See Discussion for an in-depth explanation of these examples.

3.1 Use Cases

Use cases

Example 1: A hypothetical workflow for model-based design that demonstrates a variety of use cases which are supported by this proposal

3.2 Design-Build-Test-Learn Provenance

Representing design-build-test-learn workflows with PROV-O

Example 2: A reproducible workflow for model-based design represented using PROV-O classes and annotations

3.3 Assembly Provenance

Assembly provenance

Example 3: A detailed representation of assembly provenance. Assembly provenance allows a synthetic biologist to track all the physical components or samples which go into a DNA assembly protocol.

3.4 Implementation

Implementation example

Example 4: An Implementation links a design ComponentDefinition to its build. In the left example, the build does not match its design specification. In the right hand example, the build does match its specification.

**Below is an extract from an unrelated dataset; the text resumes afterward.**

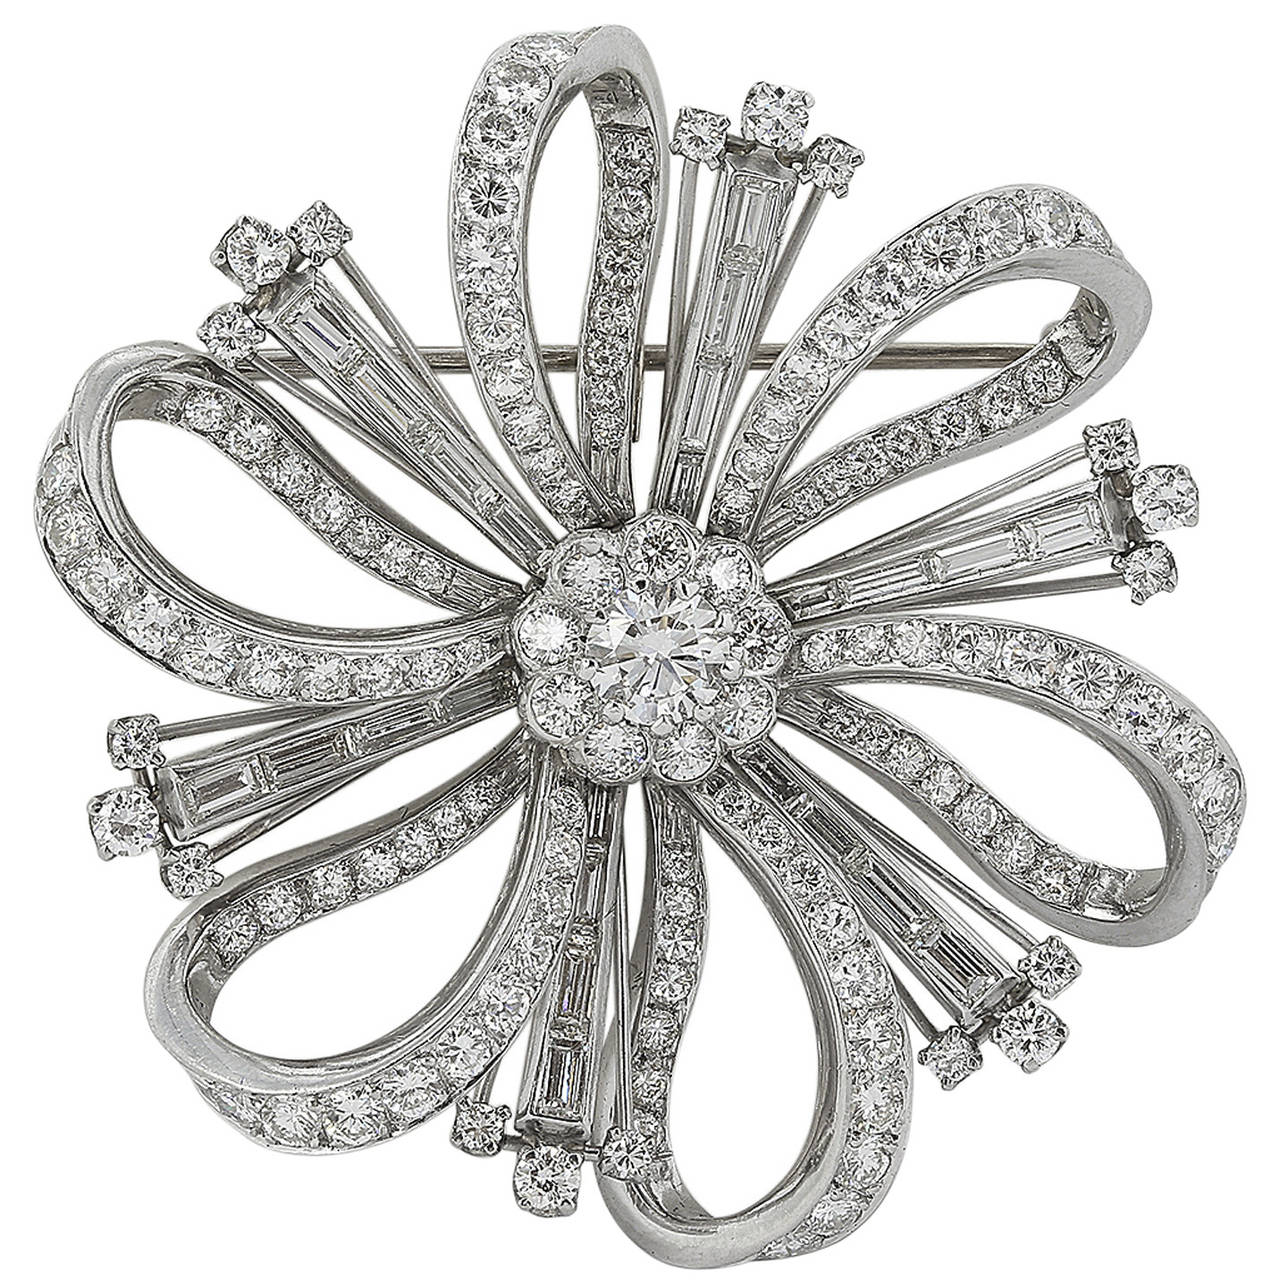 7.25 Carat Diamond Platinum Brooch or Pendant

3.5 Derivation of Biological Replicates for iGEM Interlab Study

Object UML diagram for iGEM interlab case study

Example 5: An initial sample kit based on part designs from the iGEM Registry is replicated and split into different samples.

3.6 Co-Transfection of Constructs for CRISPR Repression Module

Object UML diagram for CRISPR repression case study

Example 6: Two sets of overlapping constructs that implement the components of a CRISPR-based circuit are transfected to implement two different versions of the circuit.

Backwards Compatibility

This proposal does not affect backwards compatibility.

Discussion

5.1 Design-build-test-learn

The design-build-test-learn cycle is a common theme in synthetic biology and engineering literature. The cycle is a generalized abstraction of an ideal engineering workflow and approach to problem-solving. Thefefore, the design-build-test-learn cycle is a de facto ontology upon which to base an SBOL data model for workflow abstraction. Other workflow activities in synthetic biology, such as analyzing, modeling, verifying, and evolving, by and large fit into the design-build-test-learn abstraction.

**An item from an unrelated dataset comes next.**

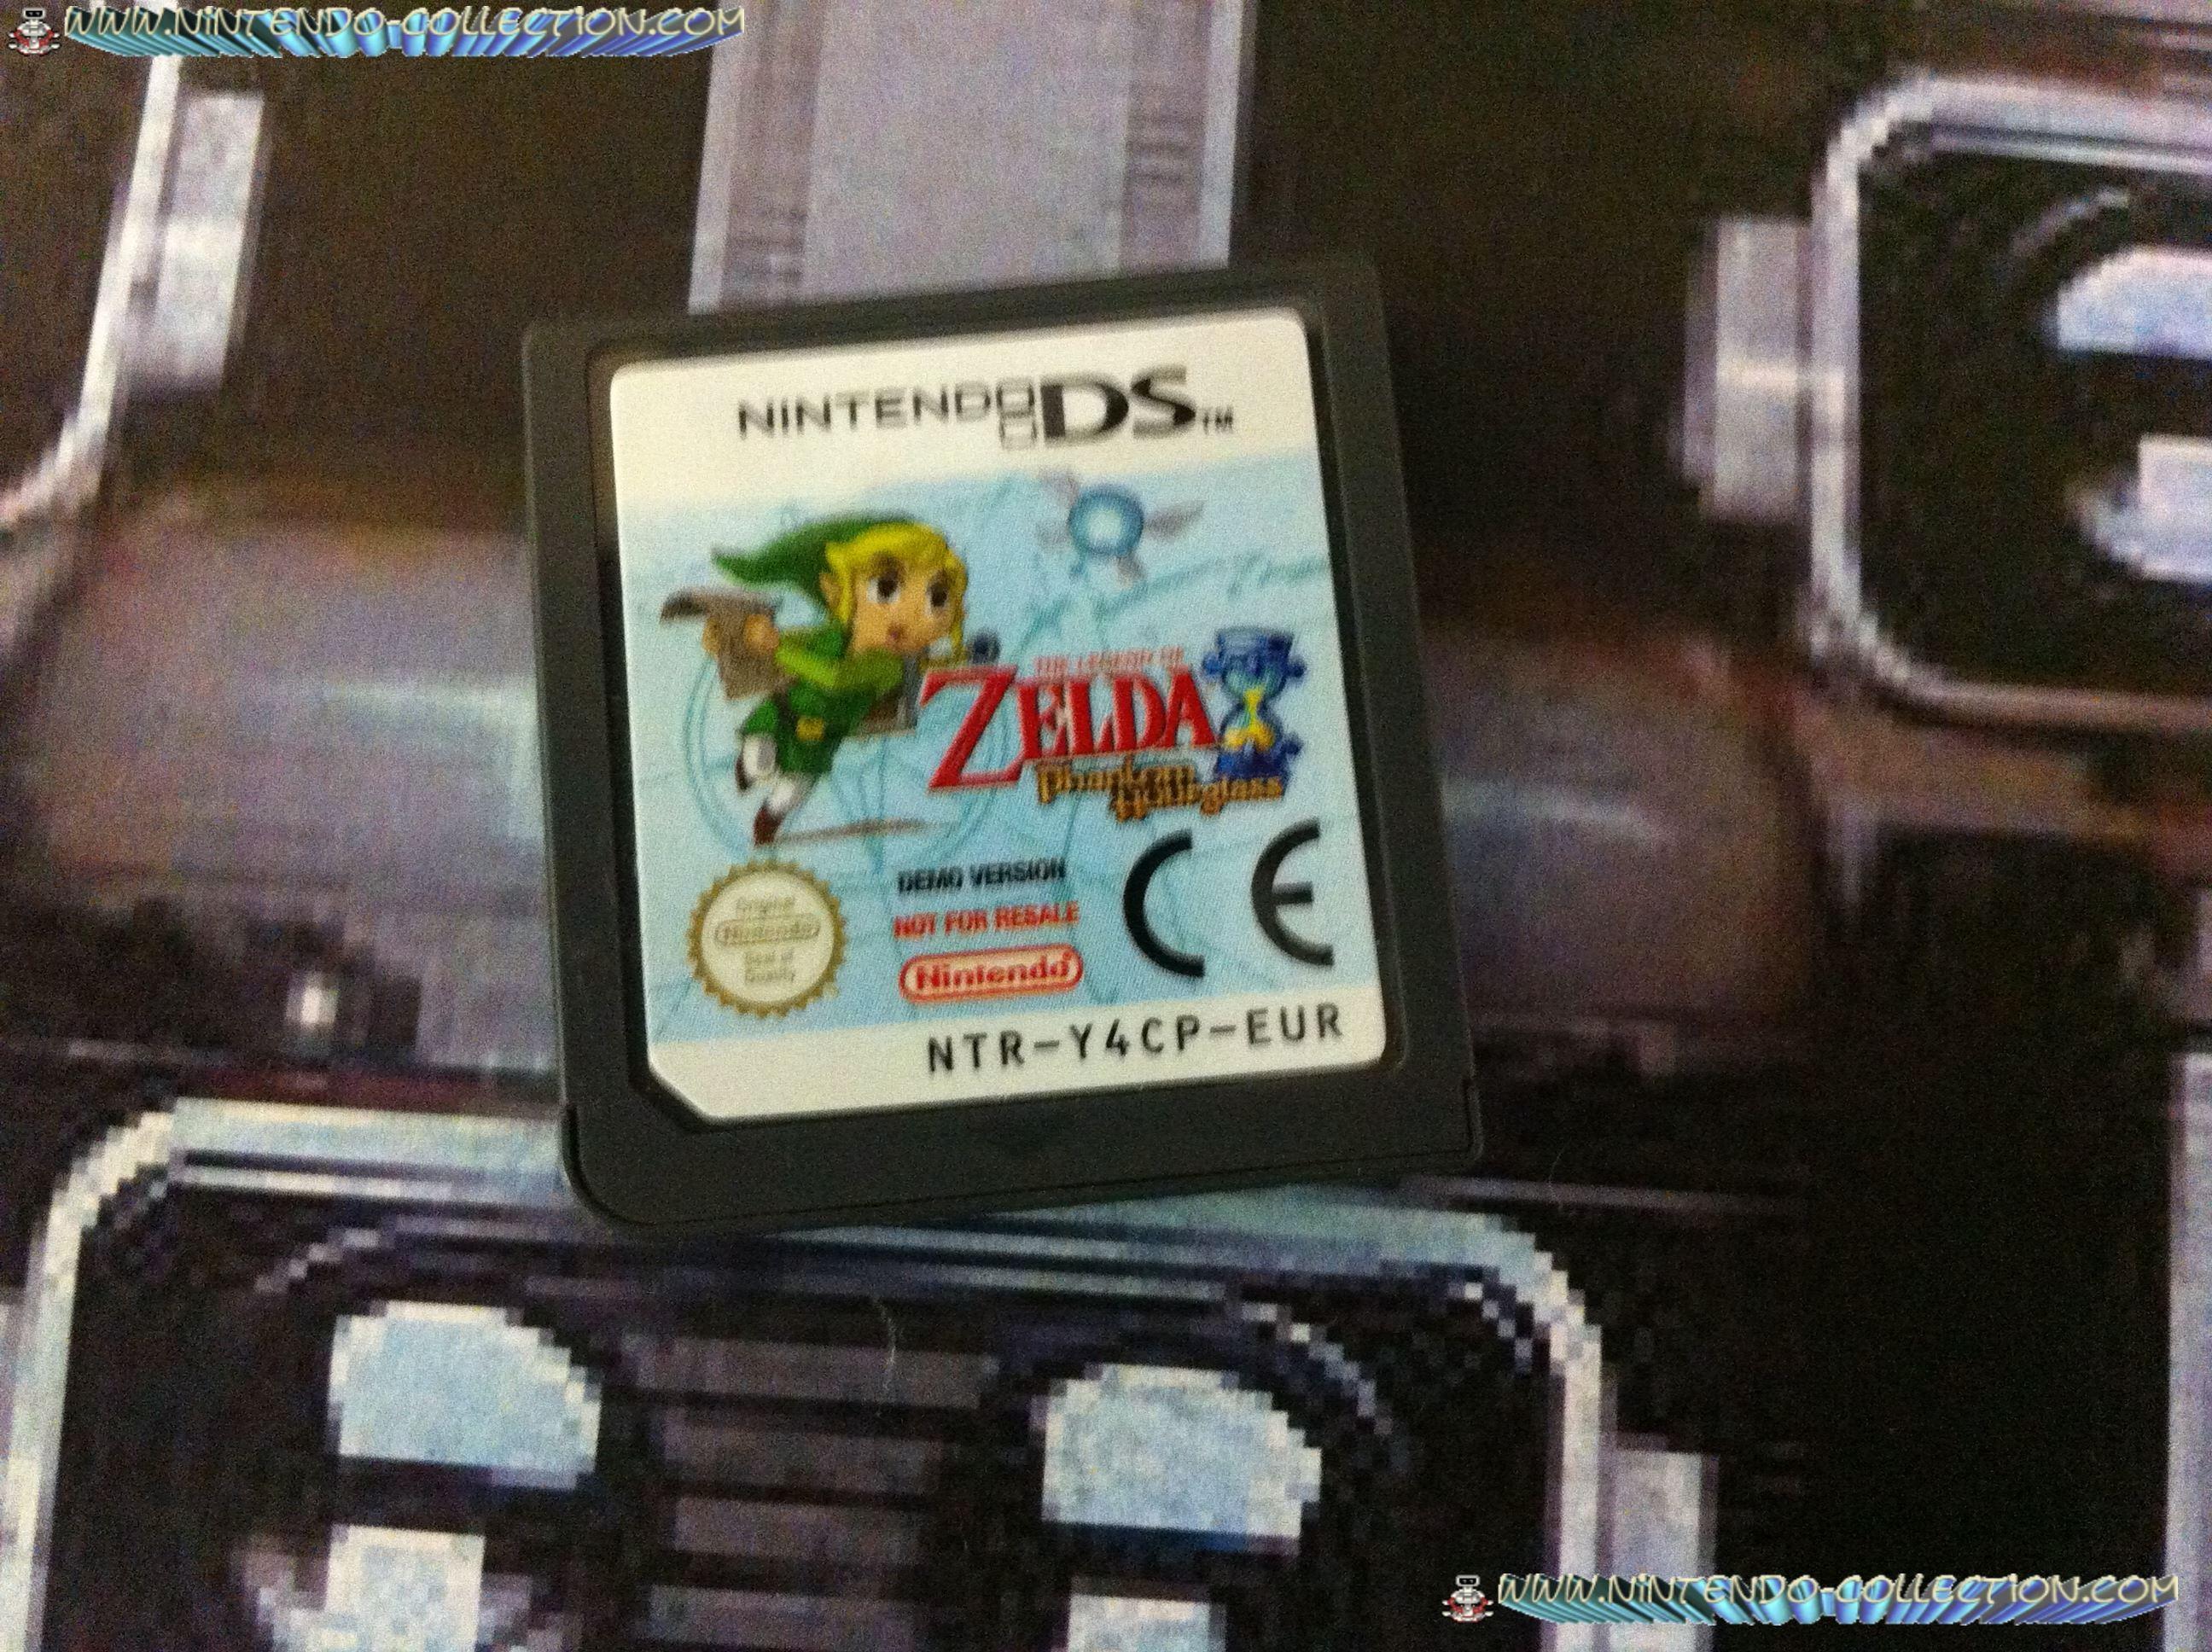 www.nintendo-collection.com - Demo DS 3 DS - Not For Resale - Zelda Phantom Hourglass

This specification enables synthetic biologists to capture workflow provenance with SBOL. The aim is to capture a complete description of evaluation and enactment of computational and laboratory protocols in a workflow. This is crucial to verification, reproducibility, and automation in synthetic biology. By specifying a coherent model for workflow provenance, we can also address other critical use cases such as specifying where to add experimental data and performing model-based design.

Provenance classes were previously adopted in SBOL 2.1, but a gap in the specification left some ambiguity in how these classes should be used. The 2.1 specification indicates that the hadRole field on Usage and Activity classes MUST be provided, but does not define any terms to use in these fields. Because such terms are not specified, it is currently not possible for tool-builders to interpret or exchange provenance histories. It is expected that users will use their own ontology terms to specify how objects were used in a recipe, protocol, or computational analysis. However, these home-made ontologies will be very domain specific and may not be intelligible to users working in another domain. For example a modeler should not be expected to understand an ontology of Usage roles for DNA assembly. The terms "design", "build", "test", and "learn" provide a high level workflow abstraction that allows tool-builders to track provenance within their domain as well as to track the flow of data between domains.

Example 1 illustrates the various use cases that are possible with this provenance representation. Use case 1 describes linking many biological instances (plasmid clones, cellular clones, etc.) to the design which generated them. Use case 2 describes linking sequential stages of a build process which requires more than one processing step in the laboratory. Use case 3 describes a simple case of linking experimental data, such as sequencing data, to a sample. Use case 4 describes performing an experimental test on multiple samples at once in batch, for example in a 96-well plate. Use case 5 describes a scenario in which different models (eg. deterministic vs stochastic) are derived from experimental data. Use case 6 describes a case in which data from multiple experiments are integrated into a single analysis. Use case 7 describes the creation of a model-based design.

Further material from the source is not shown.